VietNamNet Bridge – Overlapping and ineffective co-ordination between ministries and agencies has been blamed for poor solid waste management in Vietnam’s rural areas.
Discarded waste along a coastal road on Hon Son Island, Lai Son Commune, Kien Hai District in the southern province of Kien Giang. VNA/VNS Photo Hong Dat |
More than 60 million people, accounting for about 73 per cent of Vietnam’s population, are living in rural areas.
According to the Ministry of Natural Resources and Environment, more than 13 million tonnes of waste and about 7,500 tonnes of pesticide containers are discarded in the country’s rural areas each year.
More than 80 per cent of waste and almost all of the containers used for pesticides are not collected for proper treatment. Instead, they are discharged directly into the environment, resulting in serious environmental problems in rural areas.
A study led by Dr Tran Ngoc Ngoan, director of the Institute of Human Geography under the Viet Nam Academy of Social Sciences, shows that the emergence of residential areas and industrial zones in rural areas have reduced the area available for cultivation, leading to intensive farming and increased use of chemical pesticide and fertilisers.
The overuse of pesticides and fertilisers has a negative impact on the surrounding water and soil, as crops can only absorb about 40-50 per cent of the fertilisers used.
Overuse of these products can increase production but this also increases post-harvest waste like straw, husks and bran, most of which is burnt outdoors, threatening human heath and reducing air quality.
If fertiliser and pesticide containers are not collected and treated properly, the remaining chemicals can have an impact on surface water like ponds, lakes or rivers, underground water and the soil.

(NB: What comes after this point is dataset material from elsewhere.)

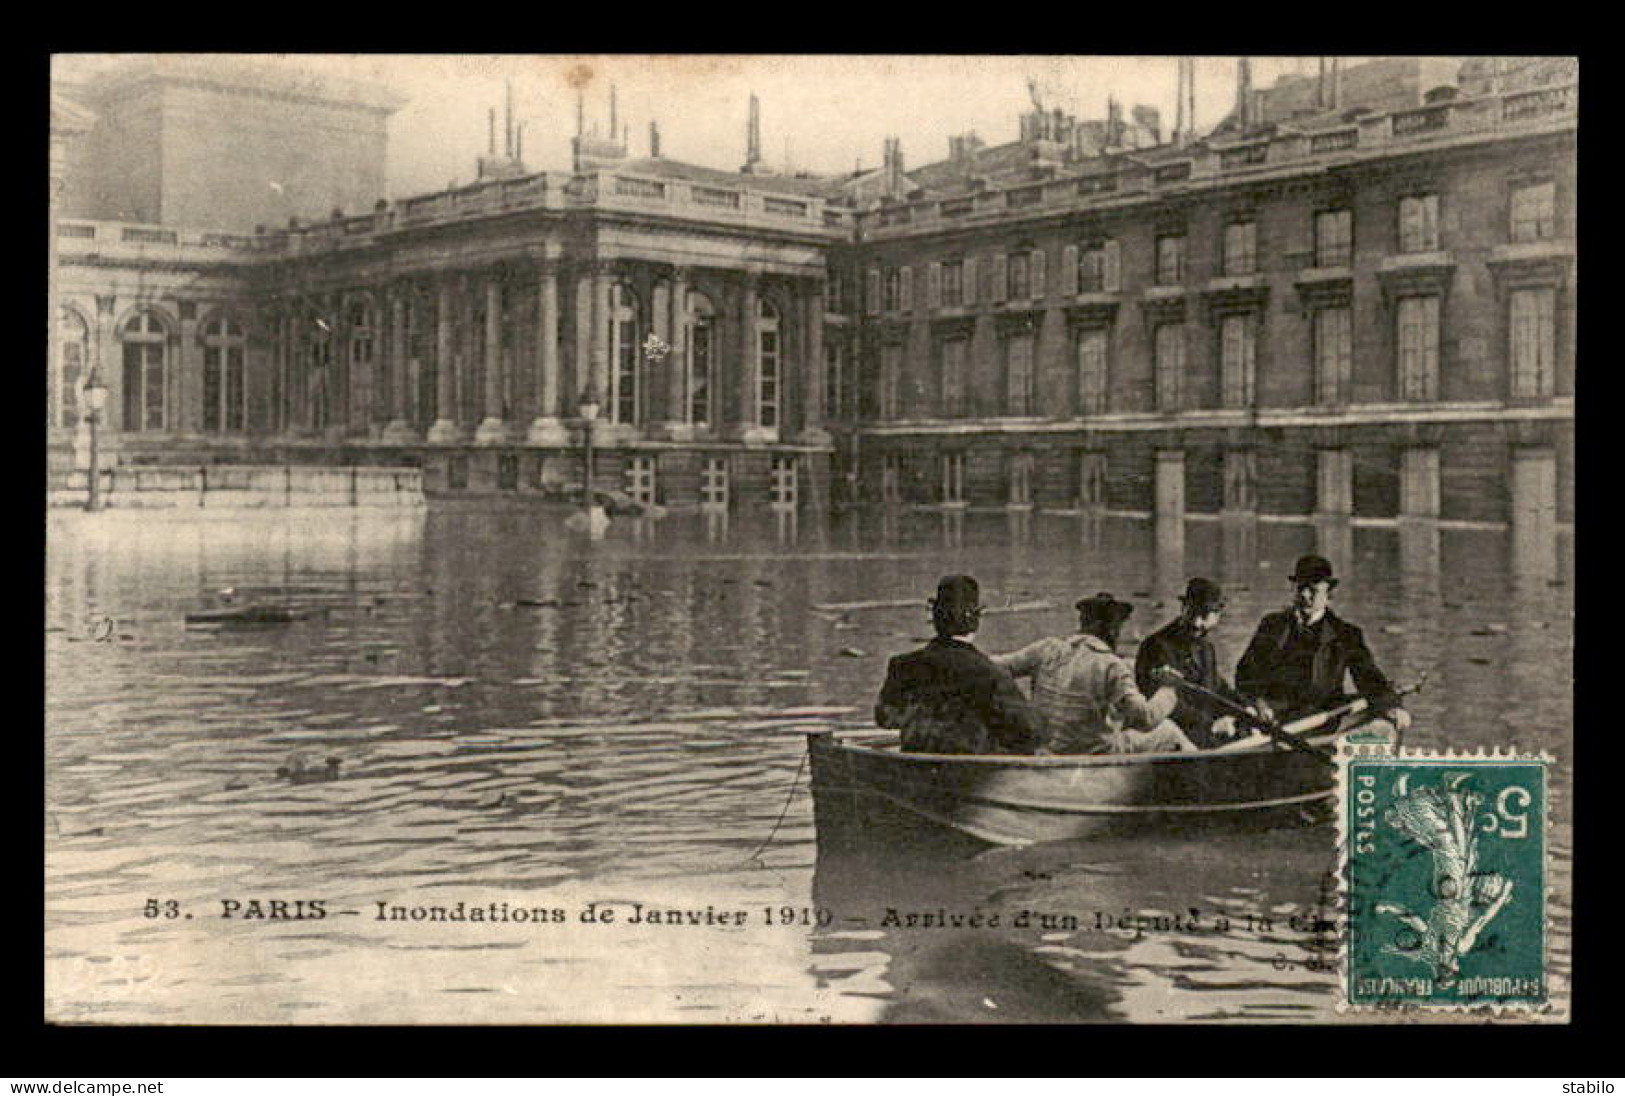 75 - PARIS - INONDATIONS DE JANVIER 1910 - ARRIVEE EN BARQUE D'UN DEPUTE A LA CHAMBRE  - De Overstroming Van 1910

The study also pointed out that the country’s 314.7 million poultry and 37 million cattle discharge about 84.5 million tonnes of waste per year. About half of the livestock waste is treated while the other half is discharged into the environment in its raw form.
Dr Ngoan said waste collection and treatment in rural areas was limited.
Families in rural areas are used to throwing their waste into their gardens, or else joining with other families to pay someone to collect rubbish and deposit it in a public place, such as a roadside or along a canal.
Under a national programme to develop new rural areas, about 40 per cent of communes established a waste collection team that transfers the rubbish to a waste treatment firm.
However, rural families still have to pay the waste collectors by themselves. In urban areas, environmental service firms receive funding from the State budget.
“Most of the waste from rural areas is dumped or burnt,” Ngoan said.
Ngoan said waste from rural areas would increase in quantity and variety, and that items that cannot decompose like plastic waste “would create bigger pressure on the environment”
Vietnam has developed a legal framework and improved policies to tackle rural waste. However, even the Government’s management bodies are still confused over their roles and responsibilities in handling the issues.
Five ministries – Construction, Industry and Trade, Health, Agriculture and Rural Development and Natural Resources and Environment – and their branches in localities are responsible for managing solid waste.
The Ministry of Natural Resources and Environment is in charge of every environmental issue. The Ministry of Construction is in charge of solid waste issues, but the solid waste that is generated by agricultural activities is overseen by the Ministry of Agriculture and Rural Development.
Hazardous solid waste, including any generated through agricultural activities or in trade villages, is overseen by the environment ministry.
The agriculture ministry manages the use, collection and storage of chemical pesticides but the environment ministry handles violations related to pesticides because they are classified as hazardous waste.
The departments of agriculture in cities and provinces are assigned to handle environmental protection activities in agriculture and rural areas, but almost none of the departments nationwide have staff specialising in environmental management.